Disclaimer: All information has been text-mined automatically. Therefore, you should evaluate the original papers that CIViCmine cites before making any interpretation.
Q: When I type in a gene, cancer or drug, it isn't autocompleted. Why is that?
A: If a gene or cancer doesn't come up, it means that it isn't in CIViCmine. Check that the gene/cancer name is the standard name (e.g. ERBB2 not HER2) in the associated ontology (HUGO, the Disease Ontology and WikiData for drug names).
Q: What text is being mined?
A: We are processing the entirety of Pubmed (~22 million abstracts) and Pubmed Central Open Access Subset (~1 million full text articles).
Q: Are you just using co-occurrences?
A: No. Co-occurrences count how many times a gene and a cancer-type appear in the same sentence. We use the Kindred relation extraction package to understand the context of the sentence and only extract sentences that discuss a cancer biomarker with high likelihood.
Q: How regularly is this updated?
A: CIViCmine is updated monthly (around the 1st of the month) and makes use of the PubRunner package to make it easier and minimise the amount of additional computation on new abstracts and papers in Pubmed and Pubmed Central Open Access subset.
Q: I found a sentence that doesn't say what CIViCmine describes.

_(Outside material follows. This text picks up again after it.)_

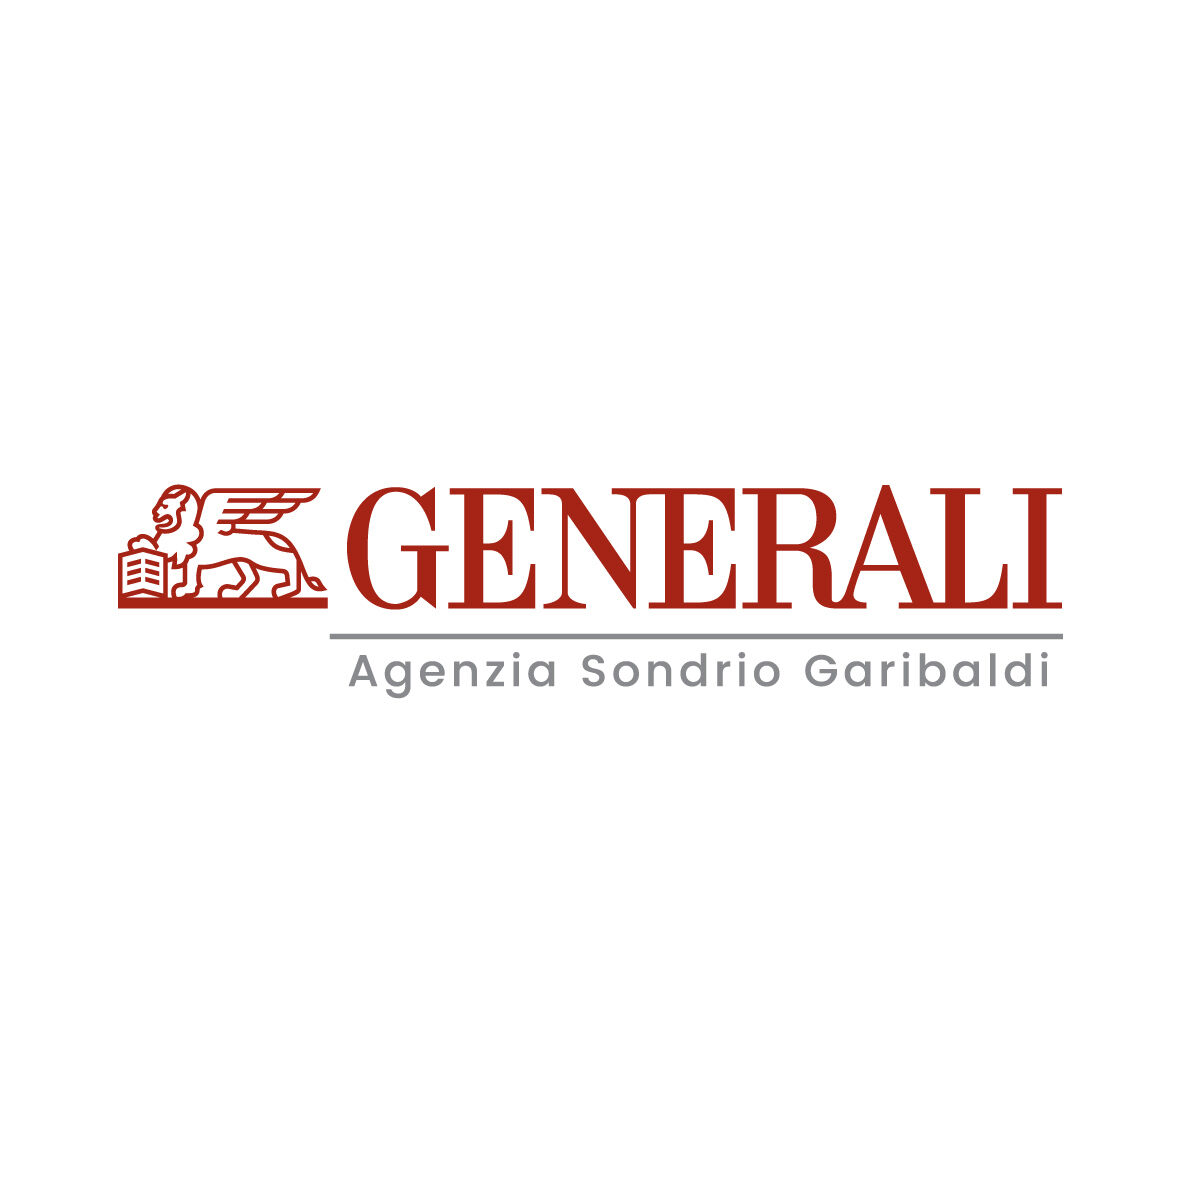 Generali - Agenzia Sondrio Garibaldi

Why?
A: CIViCmine is completely automated with no human curation so there will be some mistakes. We've adjusted the precision to make as few false positive mistakes (with a tradeoff of likely higher false negatives). All information offered by CIViCmine should be interpreted accordingly.
Q: Could this approach be used to extract other types of biomedical knowledge?

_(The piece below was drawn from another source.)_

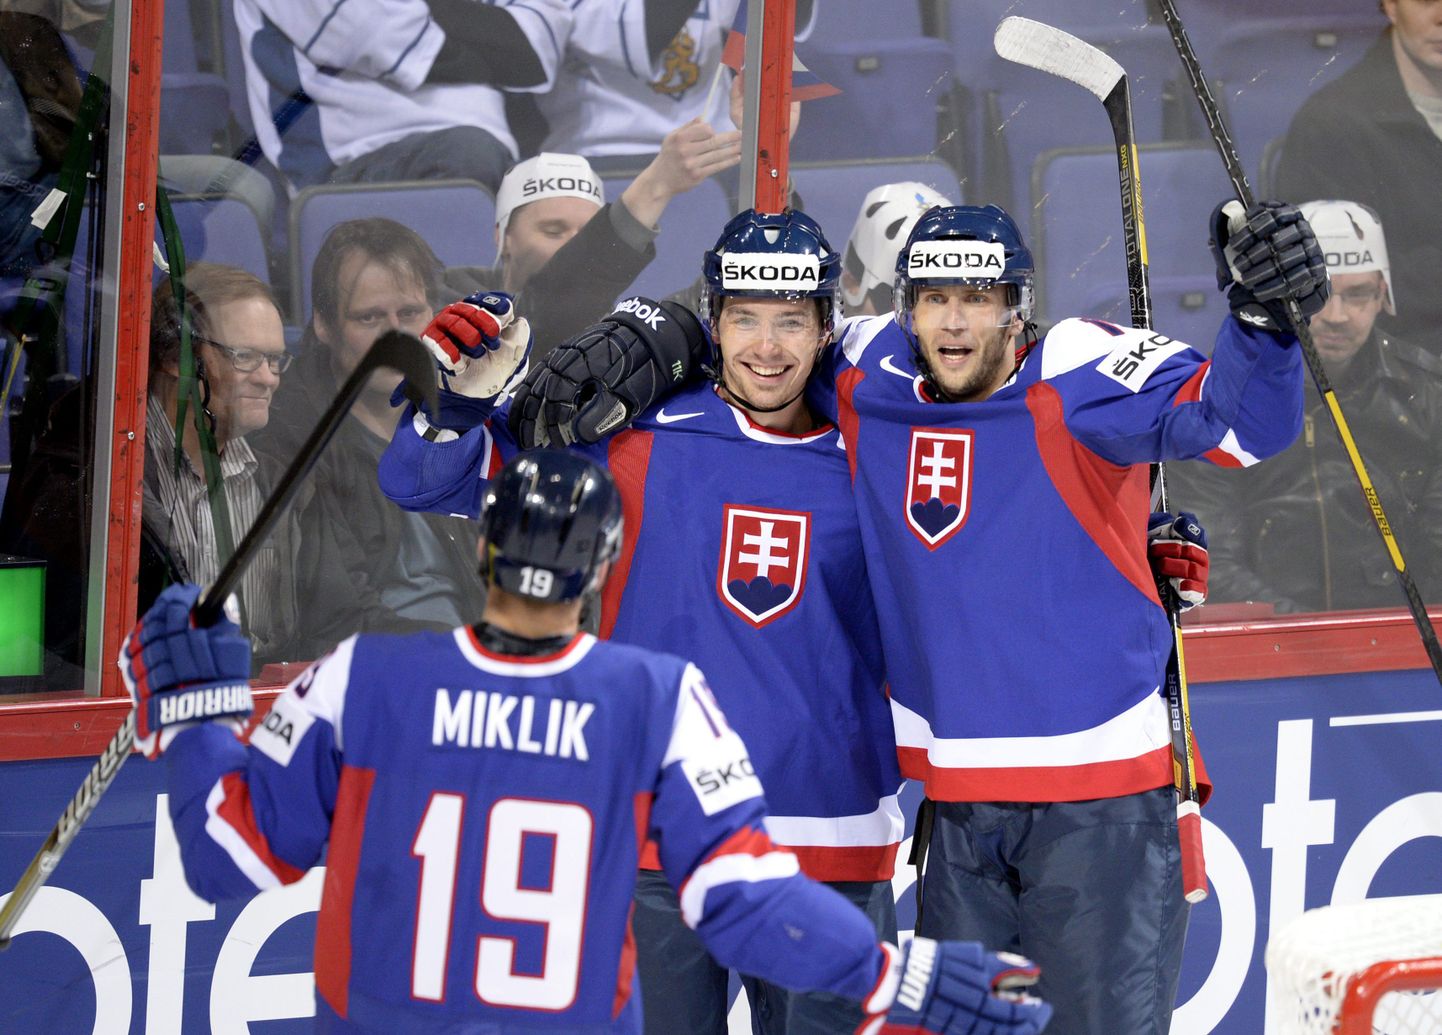 Slovakkia koondise mängijad väravat tähistamas.

A: It probably could. If you'd like to talk, please get in contact with Jake Lever.
Q: Can I bulk download the data?
A: You can bulk download it from our Zenodo repository or use the download buttons on this website to get a subset of the data. All data is Creative Commons Zero licensed.
Q: Where can I read more about the methods and full results?

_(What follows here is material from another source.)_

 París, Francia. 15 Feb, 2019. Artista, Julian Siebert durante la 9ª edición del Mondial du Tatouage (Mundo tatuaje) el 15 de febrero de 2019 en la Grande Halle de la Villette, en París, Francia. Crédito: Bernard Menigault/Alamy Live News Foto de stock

A: This work has been published in Genome Medicine. Please cite this paper you make use of the data.
This resource is built as an aid to curation of the CIViC database based at the McDonnell Genome Institute at Washington University in St Louis. All data in this resource has been automatically extracted using text mining tools
We use a supervised learning approach where a set of experts have annotated a large set of sentences to be used as examples for a machine learning system. This machine learning system is Kindred, a Python package for relation extraction. It is the successor to our VERSE system that won part of the BioNLP'16 Shared Task for relation extraction. This machine learning system is then applied to all abstracts in PubMed and all full text papers in the Pubmed Central Open Access subset.
The main researcher is Jake Lever, previously a PhD student in the Jones group at Canada's Michael Smith Genome Sciences Centre in Vancouver, Canada. He is now a lecturer at the University of Glasgow.